He probably wonders the same about you.

You think he seen us?

Well I didnt see him walkin head first into them nopal bushes yonder so I dont expect he was completely blind.

John Grady watched for the coyote to reappear but the coyote didnt.

Funny thing, said Billy, is I was fixin to quit about the time she took sick. I was ready to move on. After she died I had a lot less reason to stay on but I stayed anyways.

I guess maybe you figured Mac needed you.

Horseshit.

How old was she?

I dont know. Late thirties. Forty maybe. You’d never of knowed it though.

You think he’s gettin over it?

Mac?

Yeah.

No. You dont get over a woman like that. He aint gettin over nothin. He never will.

He sat and put his hat on and adjusted it. You ready, cousin?

Yeah.

He rose stiffly and reached down and got his lunchpail and he swiped at the seat of his trousers with one hand and then bent and got his jacket. He looked at John Grady.

There was a old waddy told me one time he never knowed a woman raised on indoor plumbin to ever turn out worth a damn. She come up the hard way. Old man Johnson was never nothin but a cowboy and you know what that pays. Mac met her at a church supper in Las Cruces when she was seventeen years old and that was all she wrote. He aint goin to be gettin over it. Not now, not soon, not never.

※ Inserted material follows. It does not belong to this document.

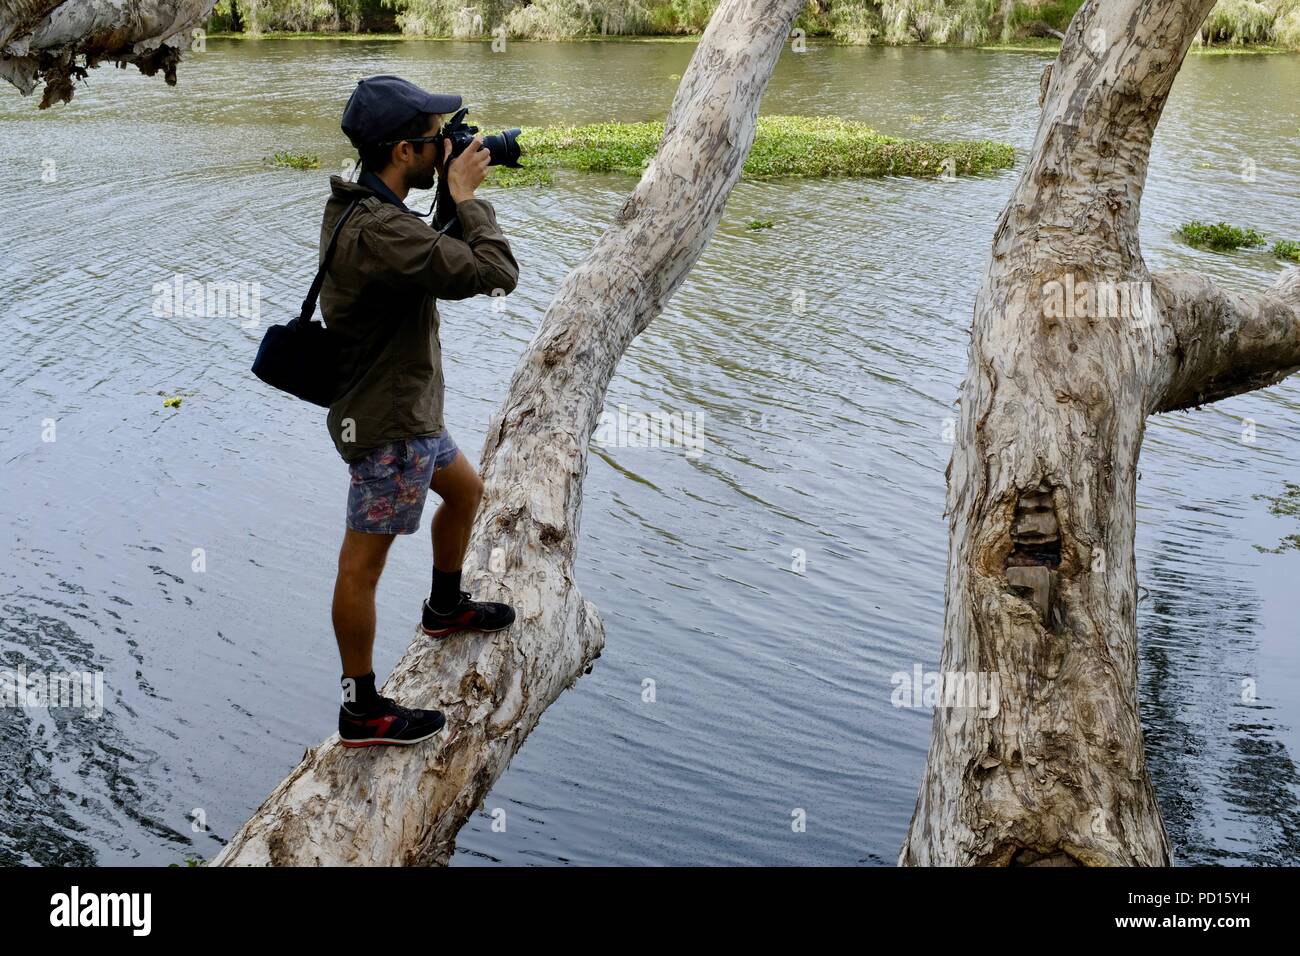 A man stands on a tree limb over a river while taking a photo, Booroona walking trail on the Ross River, Rasmussen QLD 4815, Australia Stock Photo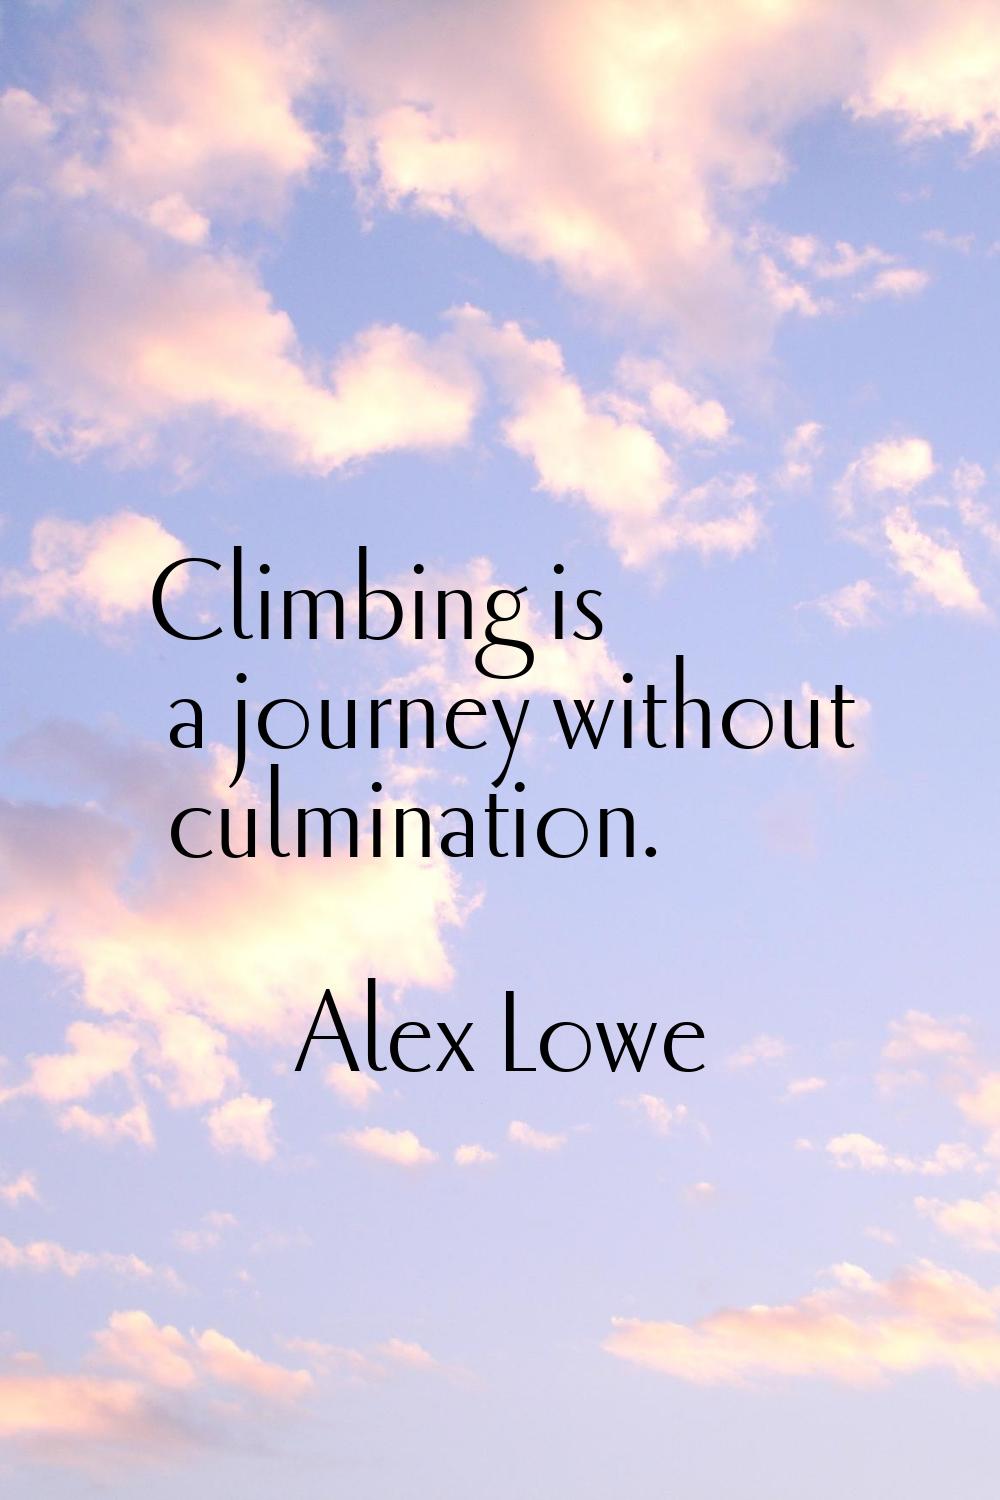 Climbing is a journey without culmination.

It was dark when they got back. Billy rolled up the window of the truck and sat looking toward the house. I’m a wore-out sumbuck, he said.

You want to just leave the gear in the truck?

Let’s bring in the come-along. It might rain. Might. And that box of staples. They’ll rust up.

I’ll get em.

He got the stuff from the bed of the truck. The lights came on in the barn bay. Billy was standing there shaking his hand up and down.

Ever time I reach for that son of a bitch I get shocked.

It’s the nails in them boots.

Then why dont it shock my feet?

I dont know.

He hung the come-along on a nail and set the box of staples on a framing crossbrace just inside the door. The horses whinnied from their stalls.

He went on down the barn bay and at the last stall pounded the flat of his hand against the stall door. There was an instant explosion against the boards on the other side. Dust drifted in the light. He looked back at Billy and grinned. Egg it on, said Billy. He’ll put a foot through that son of a bitch.


JOAQUÍN STEPPED BACK with both hands atop the board he was leaning on and lowered his head as if he’d seen something in the corral too awful to watch. But he was only stepping back to spit and he did so in his slow and contemplative way and then stepped forward and looked through the boards again. Caballo, he said. The shadow of the trotting horse passed across the boards and across his face and passed on. He shook his head.

They walked on down to where some two by twelves were nailed and braced along the top of the corral and climbed up and sat with their bootheels wedged in the board below and smoked and watched John Grady work the colt.

What does he want with that owlheaded son of a bitch anyway?

Billy shook his head. Maybe it’s like Mac says. Ever man winds up with the horse that suits him.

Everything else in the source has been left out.